«Du temps et de l’espace pour la relation au Christ»
Entré à Taizé en 1986, à 21 ans, frère Matthew en est le prieur depuis décembre 2023. Il a grandi dans le nord de l’Angleterre, dans la tradition anglicane. Aujourd’hui à la tête d’une communauté de 80 frères qui accueille chaque année 50''000 visiteurs, il valorise les temps de discernement et de recentrement personnel, même loin de la colline bourguignonne.
A quoi ressemble le ressourcement pour vous?
Me jeter dans la nature! Nous avons la possibilité, selon les besoins de chacun, de partir en vacances, par exemple quand des amis nous prêtent une maison. Lorsque c’est le cas, je pars avec trois ou quatre frères pour dix jours en montagne: grandes balades, pique-niques dans les hauteurs – et maintien d’une vie communautaire. A Taizé, il est aussi facile de prendre une après-midi pour une longue promenade en forêt. Mais prendre un temps de repos, des vacances à quelques frères est bien possible.
Et le fait de partir en retraite?
Au début de la communauté, les frères vivaient dans une très grande solitude. Il était rare qu’ils partent en retraite. Un de nos frères partait cependant vivre le carême au monastère de Tamié. Et les sœurs de Saint-André, qui pratiquent la spiritualité ignacienne et vivent près de Taizé, ont accompagné des frères dans les exercices spirituels de cette tradition dès les années 1970- 1980. Faire une retraite de trente jours fait partie de notre formation.

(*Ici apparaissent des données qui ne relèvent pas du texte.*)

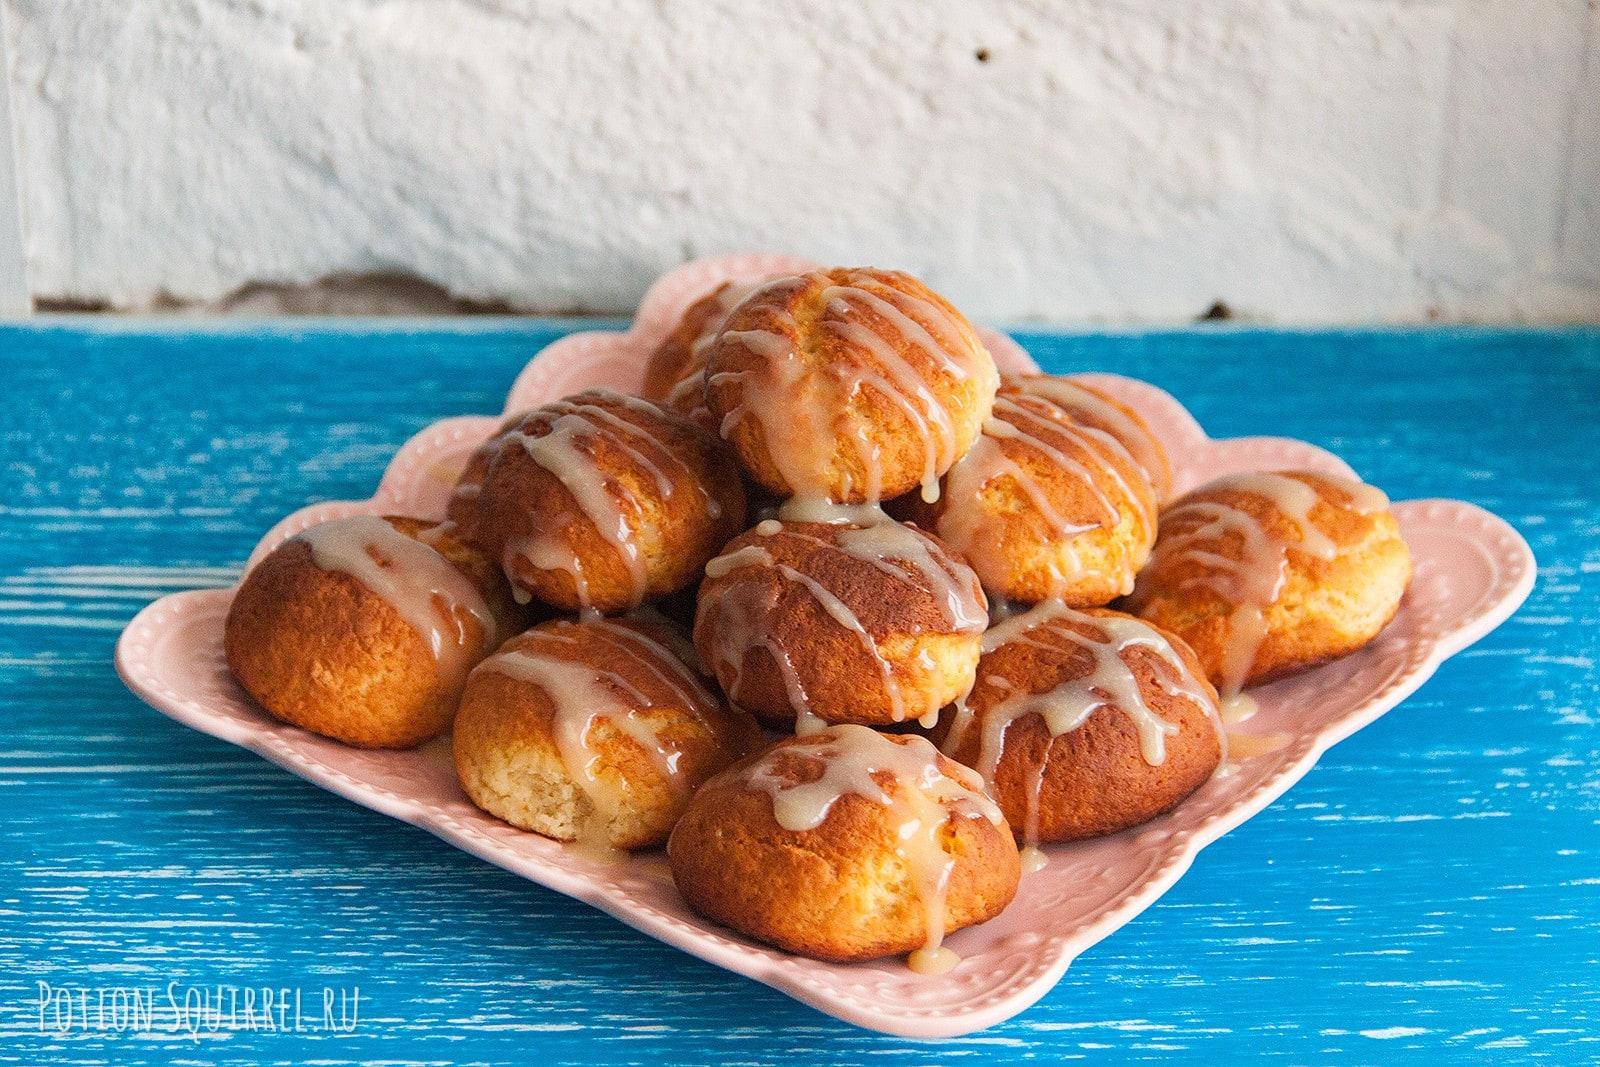 Лимонно-творожное печенье. Фото, ингридиенты, пошаговый рецепт от PotionSquirrel.ru

Avez-vous aussi pratiqué cet exercice?
Oui, et j’ai eu la grande joie en février 2023, pour accueillir la responsabilité qui m’était confiée, de faire dix jours de silence dans la communauté de Grandchamp (NE). Ce cadre splendide, au bord du lac, et l’accompagnement par les sœurs ont constitué une excellente préparation pour ce qui m’attendait.
Qu’avez-vous recherché?
Me reposer en Dieu et me «re-poser» en lui. J’avais été très occupé, je cherchais une coupure – mais aussi à comprendre ce que l’Esprit voulait me dire. Le pire dans ma charge serait que je devienne une sorte d’administrateur! Nourrir sa vie intérieure est essentiel, il faut se donner de l’espace et du temps pour cela. Au cœur de notre appel, il y a la relation au Christ. Si je ne la nourris pas, elle ne peut pas grandir. Cela ne veut pas dire que je vis tout le temps des expériences fortes, mais il y a une fidélité à la vie intérieure. Pour ma part, avant la prière du matin, j’ai besoin d’un espace d’une heure pour une lecture biblique, une prière personnelle, sans laquelle je ne pourrais pas «fonctionner».
Et qu’avez-vous trouvé?
Un vécu découvert durant les exercices spirituels a été confirmé, un verset a refait surface: «Venez à moi, car je suis doux et humble de cœur» (Matthieu 11 : 28-29). Mon critère de discernement pour réaliser des choix, c’est «Qu’est-ce qui me conduit à devenir plus doux et humble?».
Quels conseils donneriez-vous à des retraitants?
Il faut au moins deux ou trois jours pour changer de registre et se recentrer. Si l’on veut vraiment aller dans les profondeurs, il faut s’en donner les moyens.
Voyez-vous aussi un risque à l’exercice?
Dans la rencontre entre Jésus et Nicodème, relatée dans la Bible, il est dit qu’à la fin, les humains choisissent les ténèbres, car ils ont peur d’être mis à la lumière de Dieu. Nous avons tous nos complexités. Mais je crois que cela devient compliqué quand on les cache, qu’on ne veut pas les regarder. La possibilité de se faire accompagner est pour moi très importante: rendre compte devant une autre personne permet de concrétiser la manière dont je rends compte à Dieu. Bien entendu, on ne peut pas tout dire, tout de suite. Le chemin de notre existence, c’est de nous réconcilier avec ce que l’on a en nous.